PROBLEM: Nothing but the lines from the one holding "Bread Beauty Supply" to the final line of the listing below, both included, should be repeated, and each must match exactly. Omit pictures.

**** GIVEN INFORMATION ****

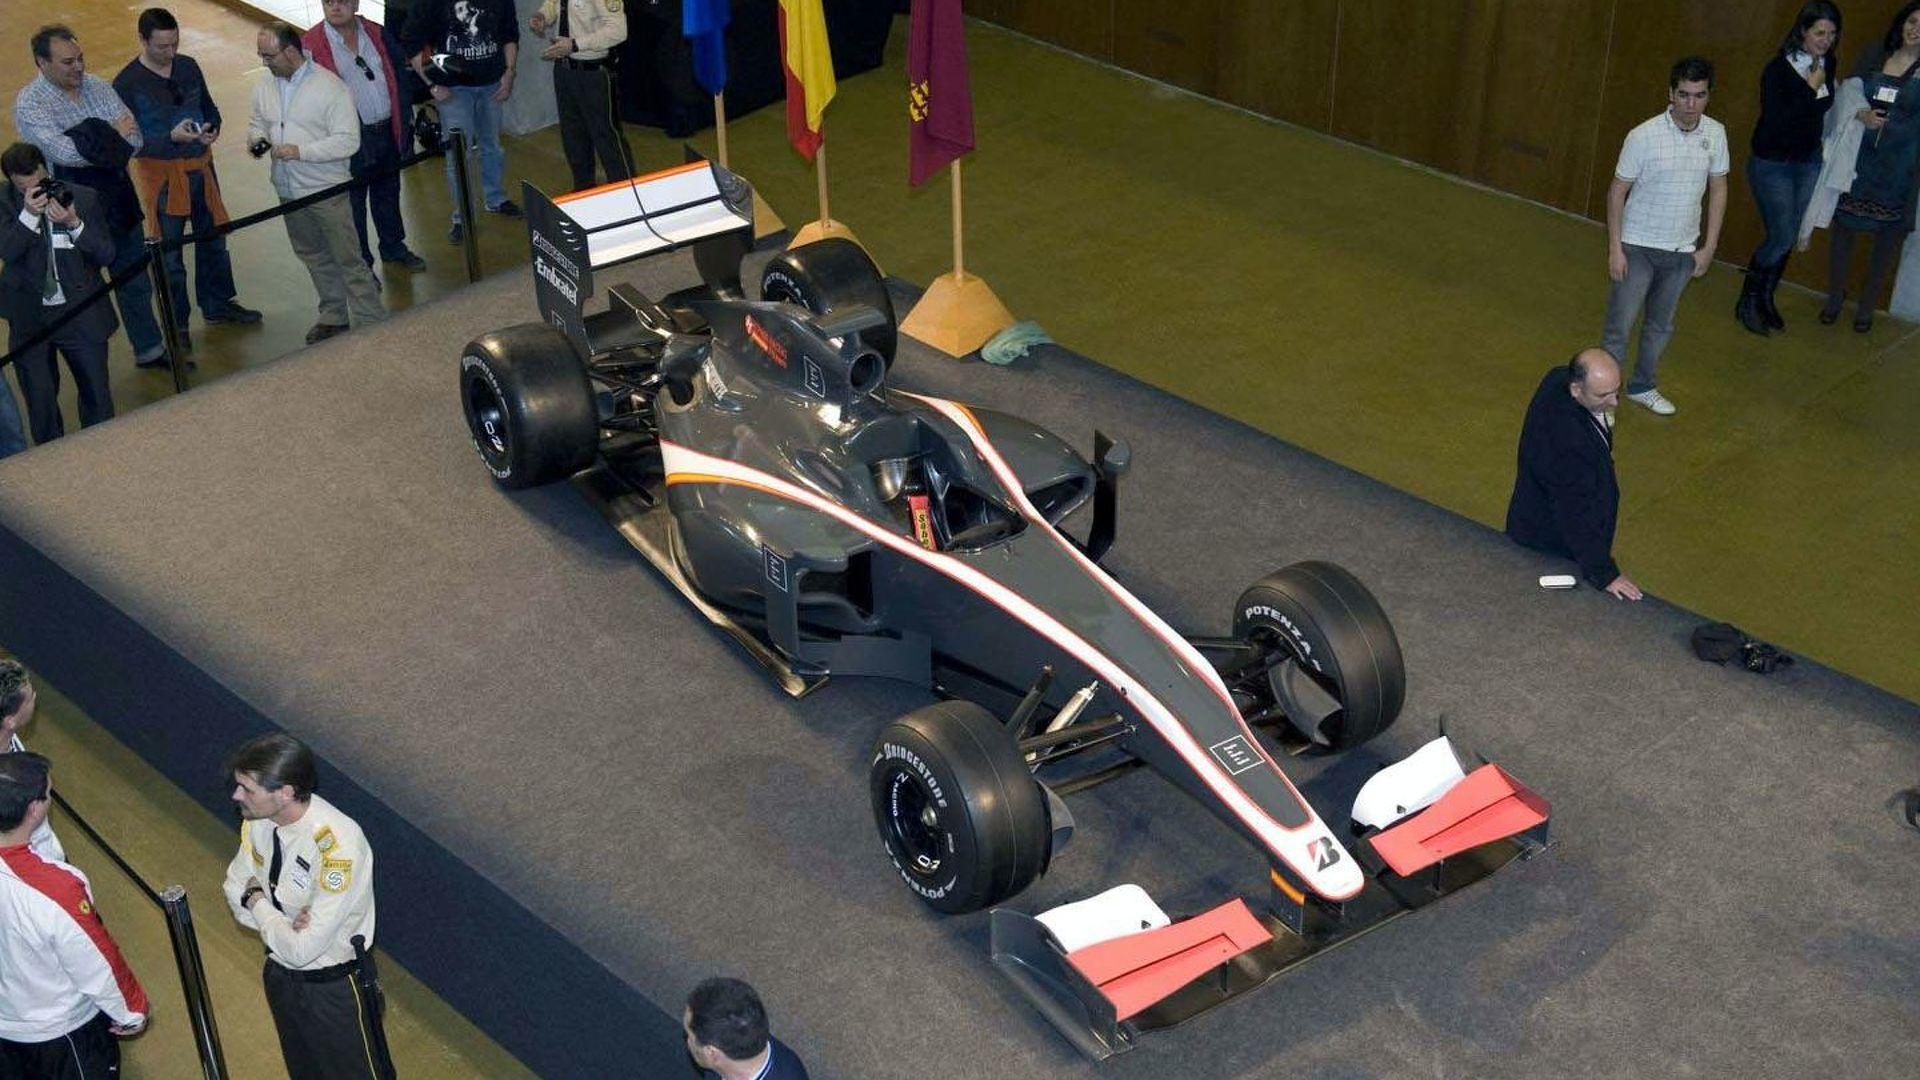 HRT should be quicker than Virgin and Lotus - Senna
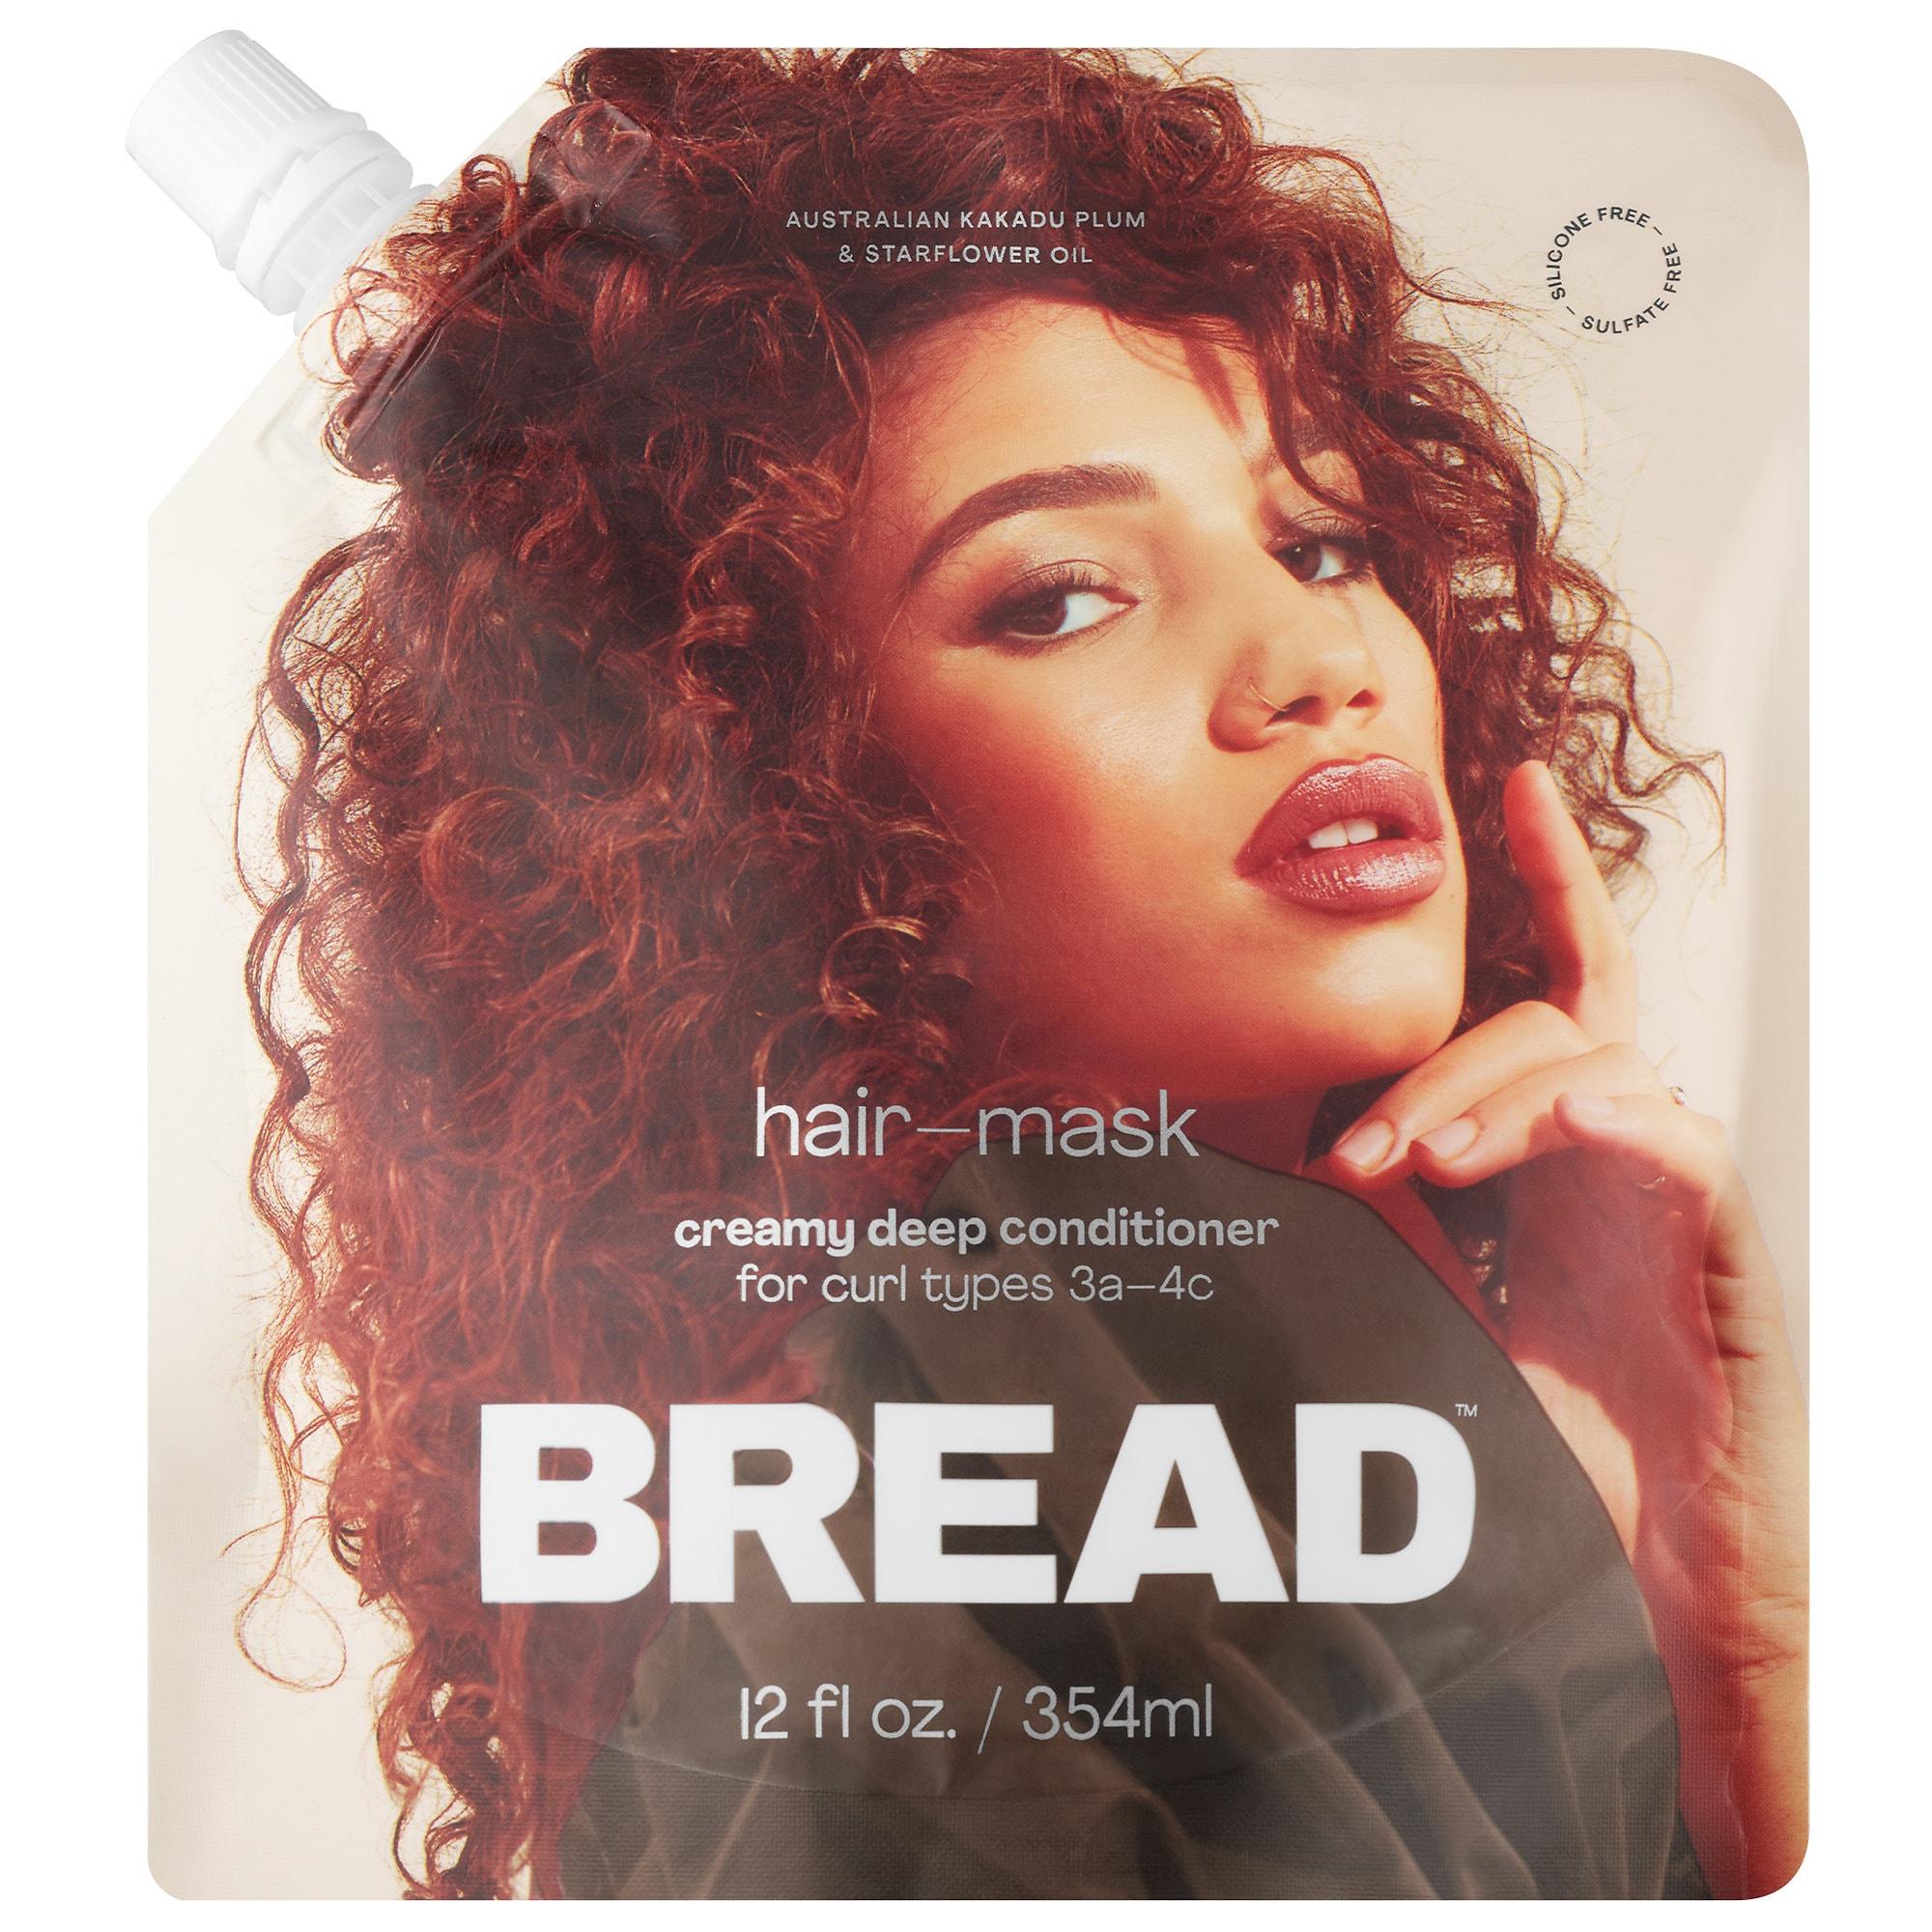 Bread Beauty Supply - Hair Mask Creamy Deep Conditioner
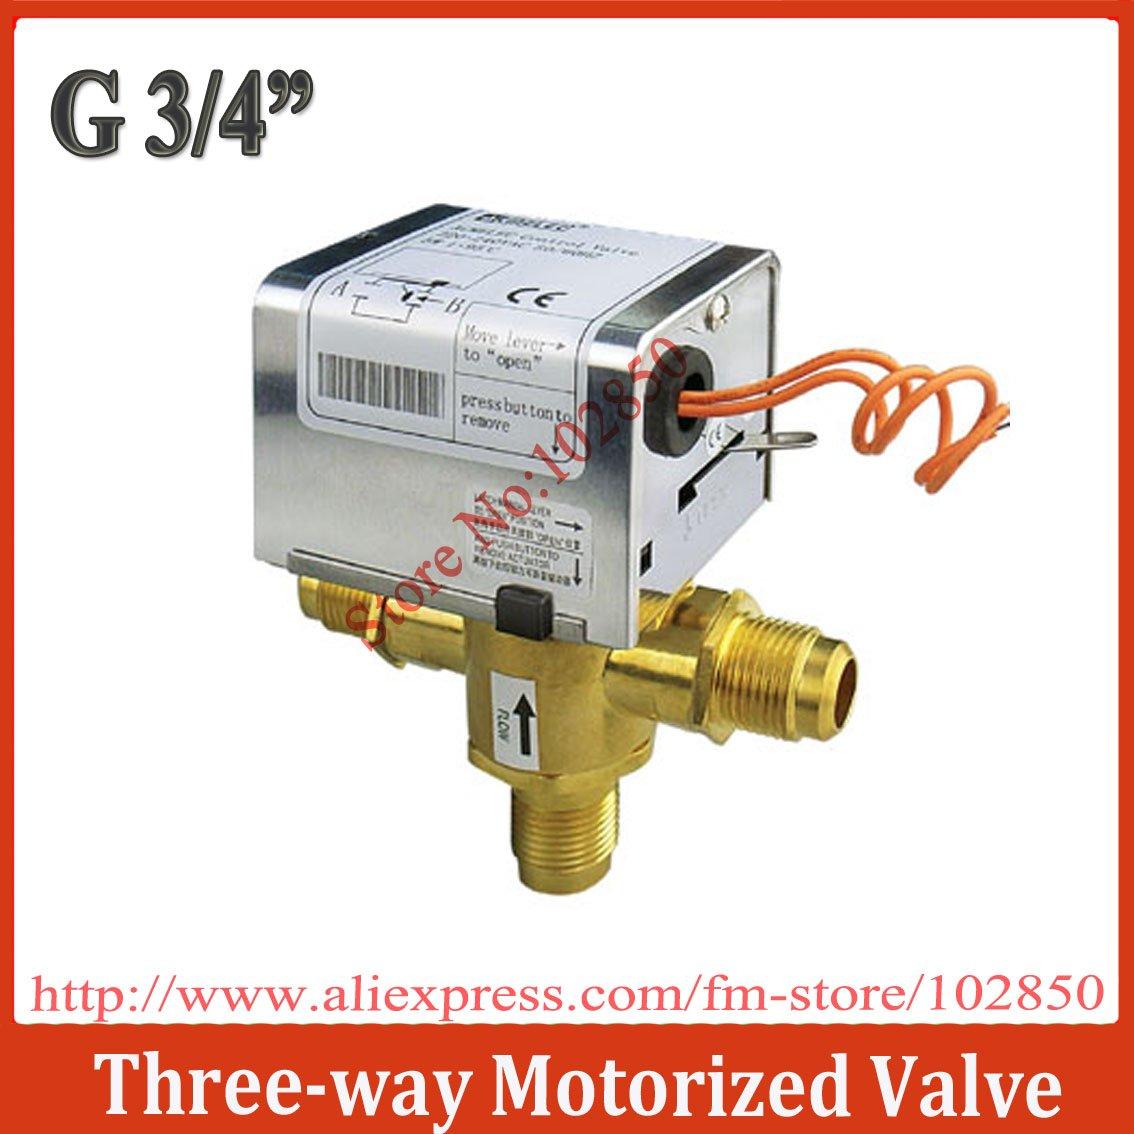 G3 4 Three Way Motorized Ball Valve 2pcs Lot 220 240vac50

****

OUTPUT:
 Bread Beauty Supply - Hair Mask Creamy Deep Conditioner
 G3 4 Three Way Motorized Ball Valve 2pcs Lot 220 240vac50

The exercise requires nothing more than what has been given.